Anheier on Germany’s Role in Ukraine Crisis

A Project Syndicate commentary authored by Adjunct Professor of Social Welfare Helmut Anheier took stock of the diplomatic and economic pressures on Germany as it considers its role in defusing the Ukraine crisis. As Russian troops amass on Ukraine’s border and as NATO nations issue warnings, Germany’s response has been tempered by a commitment to pacifism driven by historical guilt as well as the nation’s reliance on imported — mostly Russian — natural gas. Germany must confront the risks inherent in its dependence on Russian energy and examine the sustainability of its business relations with Moscow, Anheier wrote. “It must let both Russia and its NATO allies know, beyond the shadow of a doubt, that while it is no champion of hard power, it is willing to bear the high cost of countering aggression against Ukraine,” he concluded.


 

New Book by Segura Measures the True Cost of War

A new book co-authored by UCLA Luskin Dean Gary Segura measures the full cost of war by examining the consequences of foreign combat on domestic politics. In “Costly Calculations: A Theory of War, Casualties, and Politics,” published by Cambridge University Press, the authors employ a variety of empirical methods to examine multiple wars from the last 100 years. The human toll – the military dead and injured – is generally the most salient measure of war costs and the primary instrument through which war affects the social, economic and political fabric of a nation, according to Segura and co-author Scott Sigmund Gartner, provost of the U.S. Naval Postgraduate School.
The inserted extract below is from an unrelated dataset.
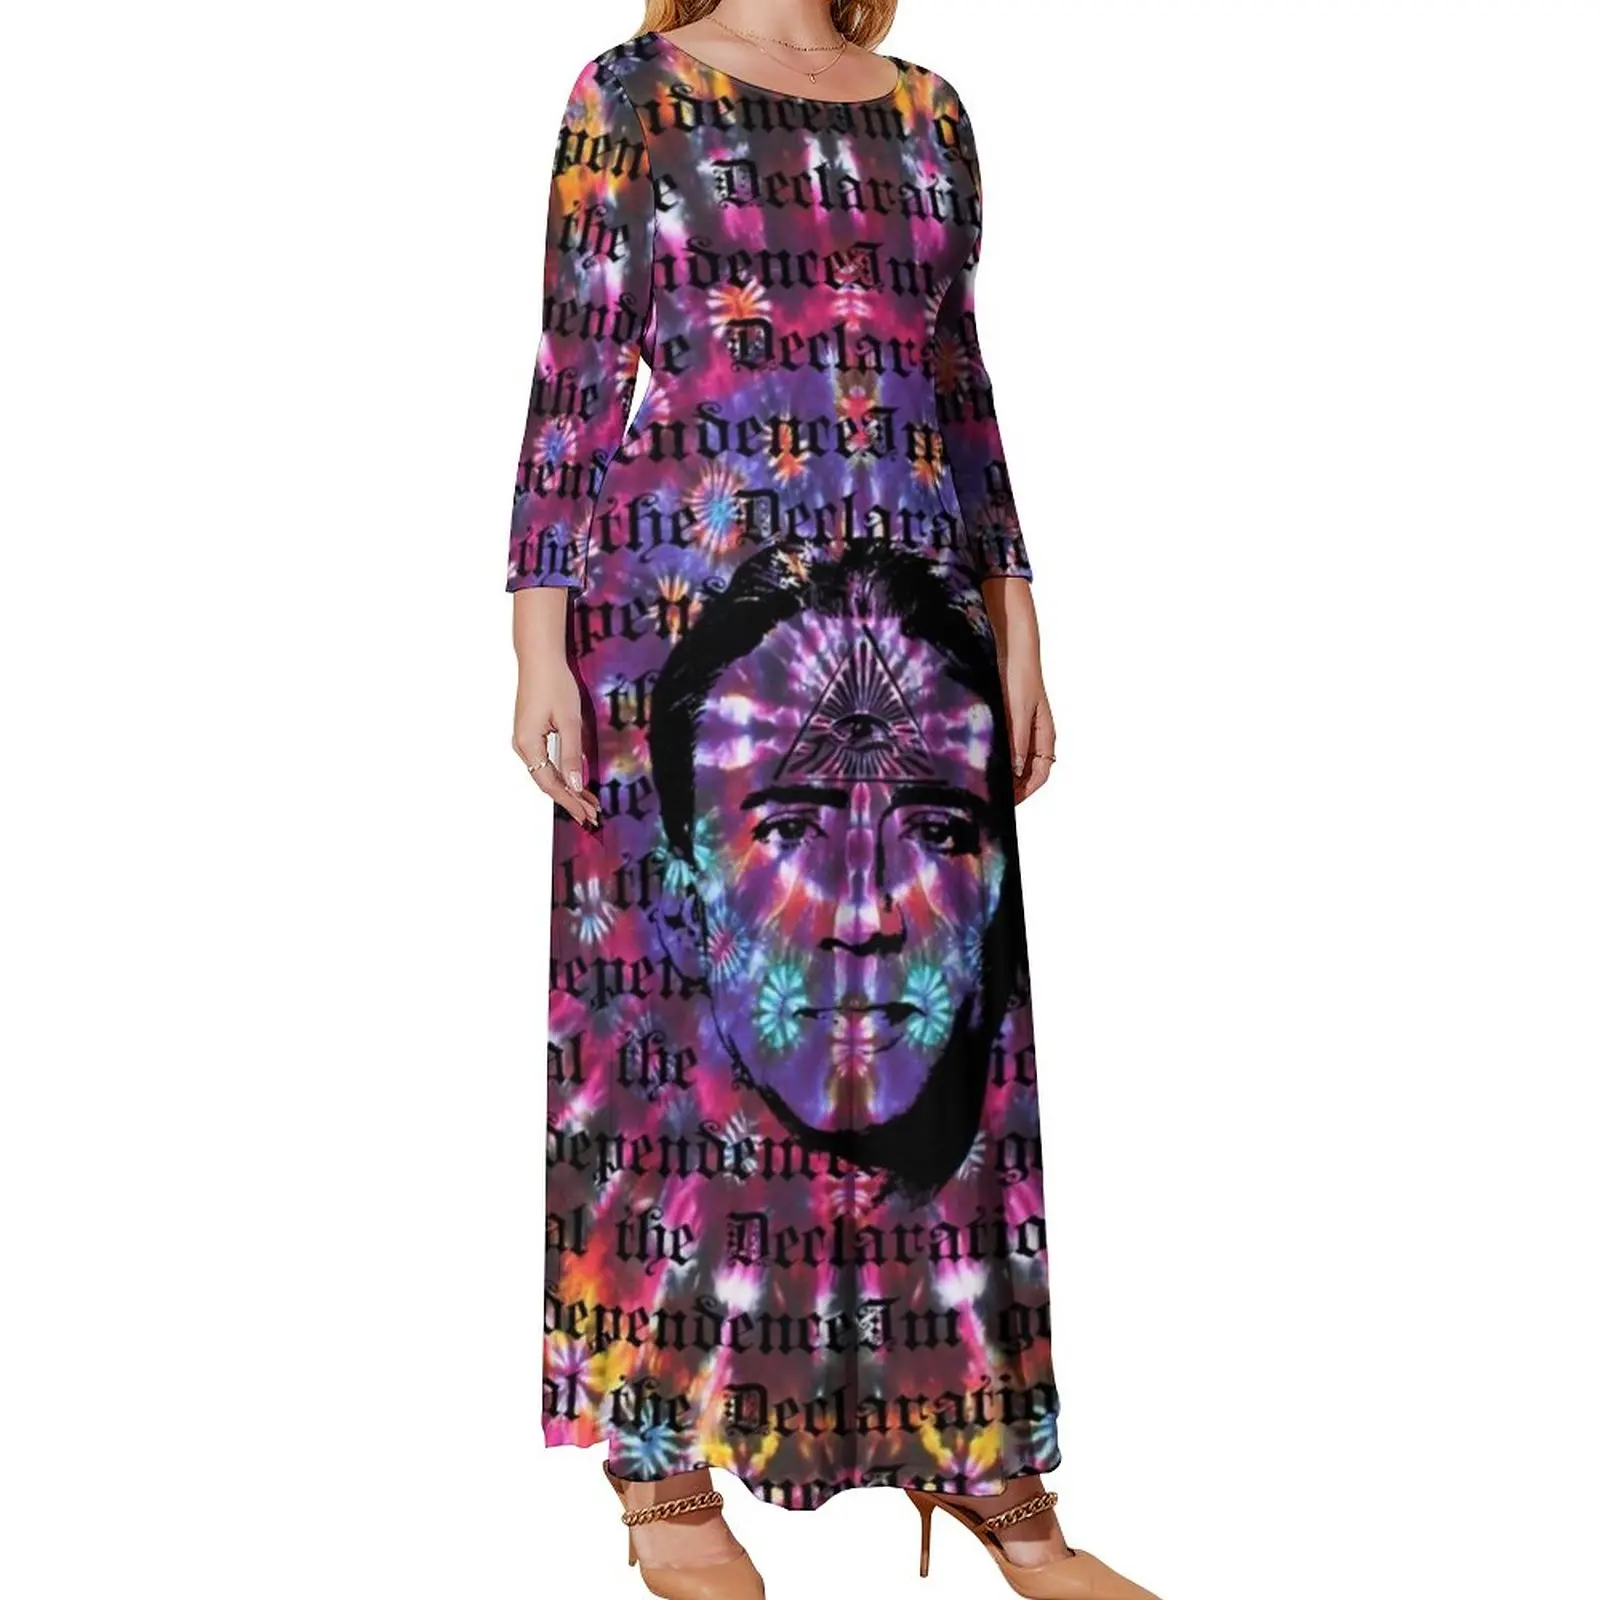 Nicolas Cage Third Eye Dress Tie Dye Shambhala Maxi Dress Street Style Boho Beach Long Dresses Print Vestido Plus Size 3XL 4XL

Their work provides a framework for understanding war initiation, war policy and war termination in democratic polities, as well as the forces that shape public opinion. “War-making is not just strategic but also represents a political action of some consequence filtered through a societal lens,” the authors write. “Leaders embark upon a course of conflict with an eye on the level of public support, work hard to win that support if it’s missing, actively attempt to manage public beliefs about the conflict and its costs and benefits, and may suffer the political consequences when the people viewing a conflict through the eyes of their communities believe that they miscalculated.” 


 

Steinert-Threlkeld on Social Media Tracking as a Tool of War

Research by Zachary Steinert-Threlkeld, assistant professor of public policy, measuring the political opinions of Russian-speakers in Ukraine at the time of Moscow’s 2014 incursion into Crimea has been published online by the journal Post Soviet Affairs. The study, co-authored by Steinert-Threlkeld and Jesse Driscoll of UC San Diego, uses a vast collection of social media data to demonstrate that many self-identified Russians living in Ukraine would not have favored a continued campaign to expand Russia’s borders. “Our supposition is that if Russian strategists were considering expansion beyond Crimea, they would have been able to use social media information to assess, with a great deal of precision and in real time, the reception that they would likely receive,” the authors wrote. While there is no evidence that Russian leaders took advantage of this type of analysis, the authors conclude that tapping into social media traffic could provide a useful source of intelligence for those planning military campaigns. “Social media data are straightforward to analyze systematically and can be collected at a relatively low cost,” wrote the authors, whose team, including research assistants in Kiev, used a data set of 6.8 million tweets to gauge social attitudes shared by Russian-speakers. “The prevalence of overtly political behaviors on social media provides important clues about the political dispositions within communities,” they said.